To show: $tr(CPC^{T}) = tr (B^{T}QB)$ with the help of Lyapunov equations $0 = AP + PA^{T} + BB^{T}$ and $0 = A^{T}Q + QA + C^{T}C$.
As shown in the text below; $||H||_2$ relates Lyapunov equation with the trace. But can anyone explain how the equation below comes into existence?

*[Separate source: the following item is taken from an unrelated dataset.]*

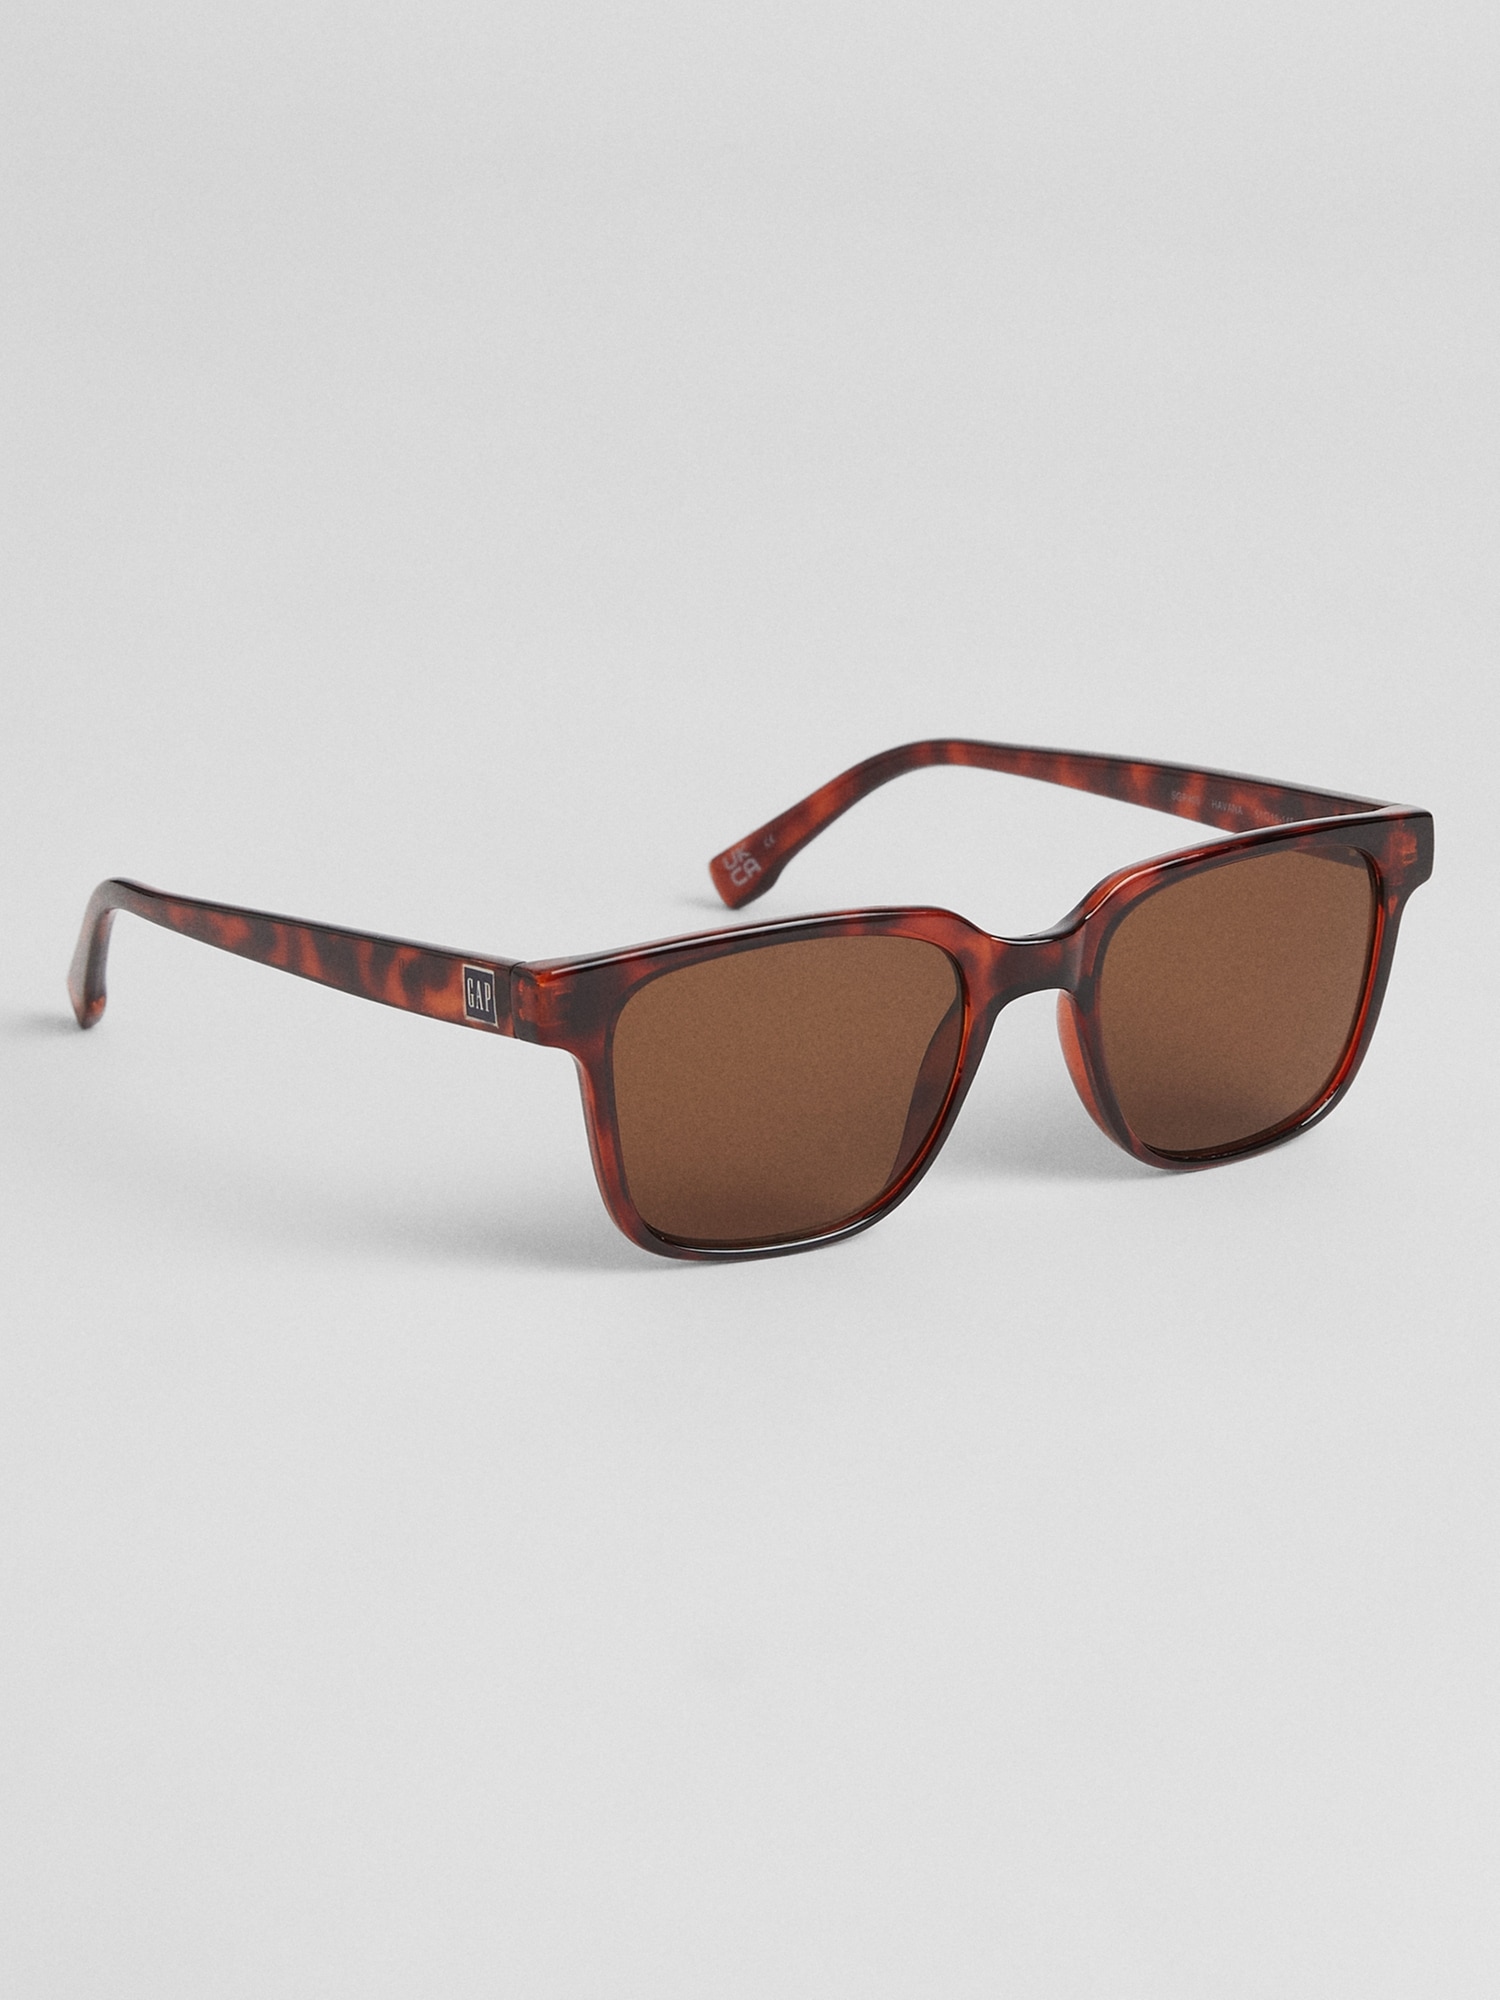 Gap Factory Square Frame Sunglasses (Tort Gold Brown)

Thanks
In order to show that $\mathrm{tr}(C\,P\,C^\top) = \mathrm{tr}(B^\top Q\,B)$ one can use a trace property of a product of matrices, which states that
$$ \mathrm{tr}(A^\top B) = \mathrm{tr}(A\,B^\top) = \mathrm{tr}(B^\top A) = \mathrm{tr}(B\,A^\top). $$
Namely, by defining the following matrix $M = C\,e^{A\,t} B$ and applying the stated trace property to $M$ it follows that
$$ \mathrm{tr}(M\,M^\top) = \mathrm{tr}(M^\top M), $$
and thus
$$ \mathrm{tr}\!\left(\underbrace{C\,e^{A\,t} B}_{M}\,\underbrace{B^\top e^{A^\top t} C^\top\!}_{M^\top}\right) = \mathrm{tr}\!\left(\underbrace{B^\top e^{A^\top t} C^\top\!}_{M^\top}\, \underbrace{C\,e^{A\,t} B}_{M}\right), $$
$$ \int_0^\infty \mathrm{tr}\!\left(C\,e^{A\,t} B\,B^\top e^{A^\top t} C^\top\right) dt = \int_0^\infty \mathrm{tr}\!\left(B^\top e^{A^\top t} C^\top\,C\,e^{A\,t} B\right)dt. $$